Antoine Frérot stated on Monday: “This agreement is beneficial for everyone: it guarantees the long-term future of Suez in France in a way that preserves competition, and it guarantees jobs. All stakeholders in both groups are therefore winners. The time for confrontation is over, the time for combination has begun.”
However, Suez chairman Philippe Varin’s statement to the press was more cautious: “We have been calling for a negotiated solution for many weeks and today we have reached an agreement in principle that recognizes the value of Suez. We will be vigilant to ensure that the conditions are met to reach a final agreement that will put an end to the conflict between our two companies and offer development prospects.”
Suez agreed to deactivate the Dutch foundation created to protect its French assets and end its agreement with Australian Cleanaway
Vigilance is the keyword in Varin’s declaration. On Monday, the two companies said the plan is for an “integration and mix of teams” and there are commitments from Veolia over the composition of the management teams at the headquarters and in different countries. However, only time will tell if these two lifelong competitors will be able to work together on these two ambitious projects.
The battle had also taken a political turn, with the Minister for the Economy, Bruno Le Maire, intervening on several occasions. At the end of March, the Minister said that an amicable agreement was possible between the two rivals and welcomed the merger on Monday. The agreement “preserves competition for the benefit of customers between two major French industrial companies. It guarantees their positive development on the national and international markets and it preserves employment."
The Confédération Générale du Travail (CGT), French labour union federation, was less enthusiastic about the takeover.
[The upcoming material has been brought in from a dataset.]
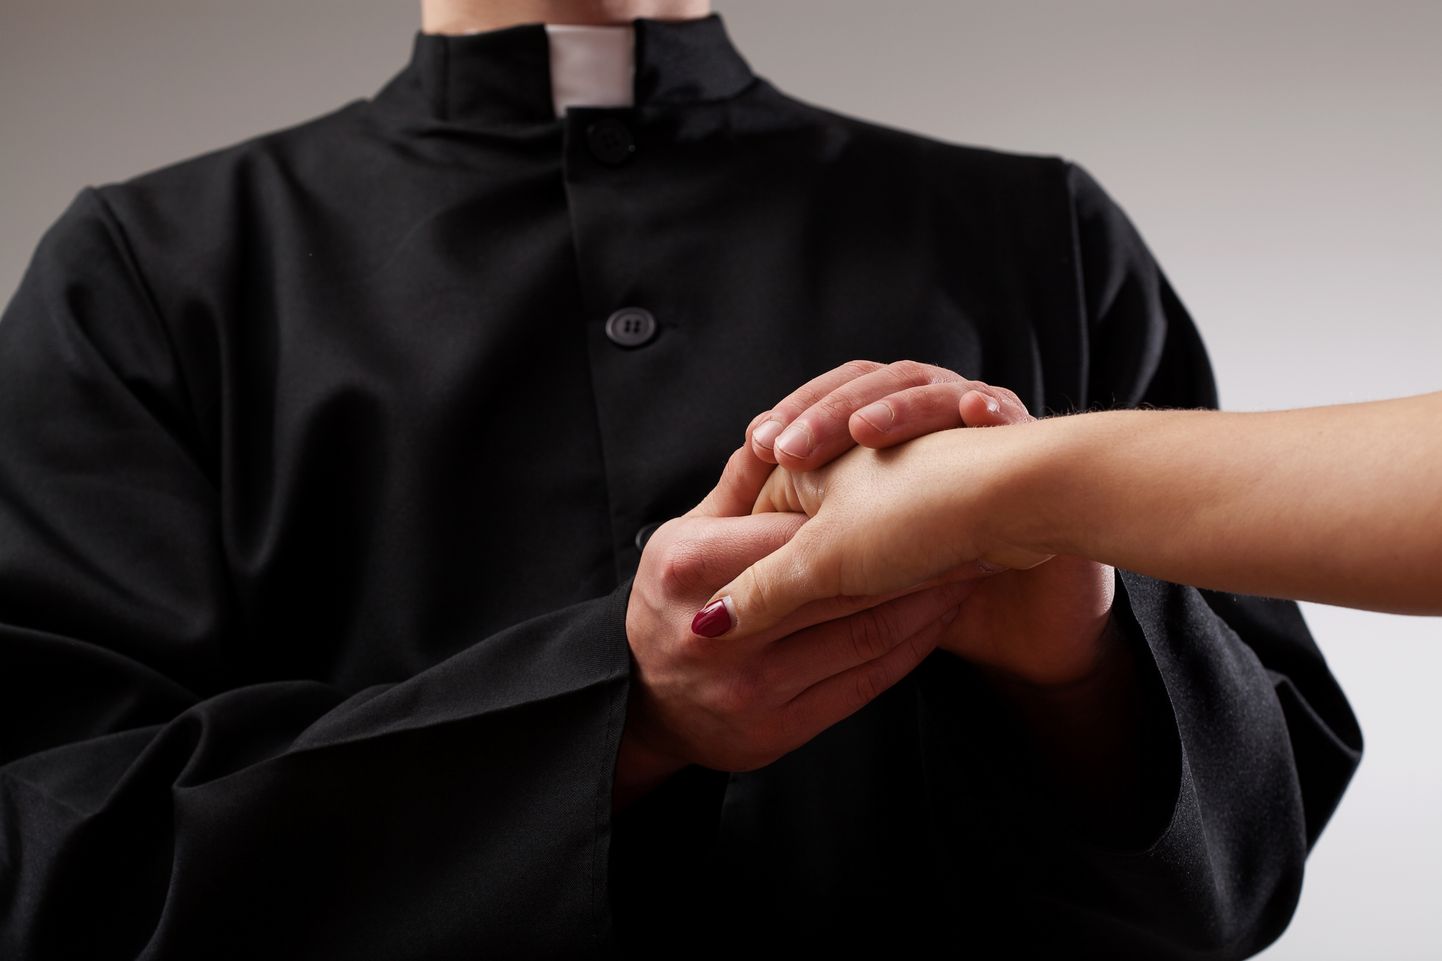 Preester naise kätt hoidmas. Pilt on illustratiivne.

The CGT secretary of the European works council of Suez, Franck Reinhold von Essen, expressed on Monday a "real feeling of betrayal on the part of the board of directors, which seems to have given in to the pressure of Veolia, while the means to negotiate something else existed," reports Le Monde.
Suez chairman Philippe Varin
"At first glance, we are not satisfied with the scope, because there is talk of 6.9 billion euros constituting the new Suez, which is not the critical size that would guarantee the sustainability of jobs through the development of the company," he added. "We have not been associated with this pre-agreement, which is frustrating," he concluded, adding that he hoped to get things moving by the time the final agreements were reached, before 14 May.
Shortly after the two French giants announced a $15 billion merger plan, shares in Suez increased 7.57% and Veolia Environment 4%
The merger between the two French giants has certainly surprised the sector. Even if there was always a chance of possible negotiations, the industry believed that there would be delays at least until Suez's stakeholders vote at the next annual general meeting, either in May or June 2021. However, Veolia and Suez have not only come to a mutual understanding, but have said a definitive agreement is to be reached by May 14.
After eight months of legal proceedings, pressure tactics and warnings, as well as political tension, the duel between the two water and waste giants, although now resolved, will remain a major episode in the history of French capitalism. Veolia and Suez are considered global leaders in environmental services, but as S&P concludes, even combined, represent less than 2% of the fragmented global waste and water market. We must now wait and see if the two companies truly put their differences aside to build a new Suez and Veolia’s “world champion of ecological transformation” to face potential Chinese competitors.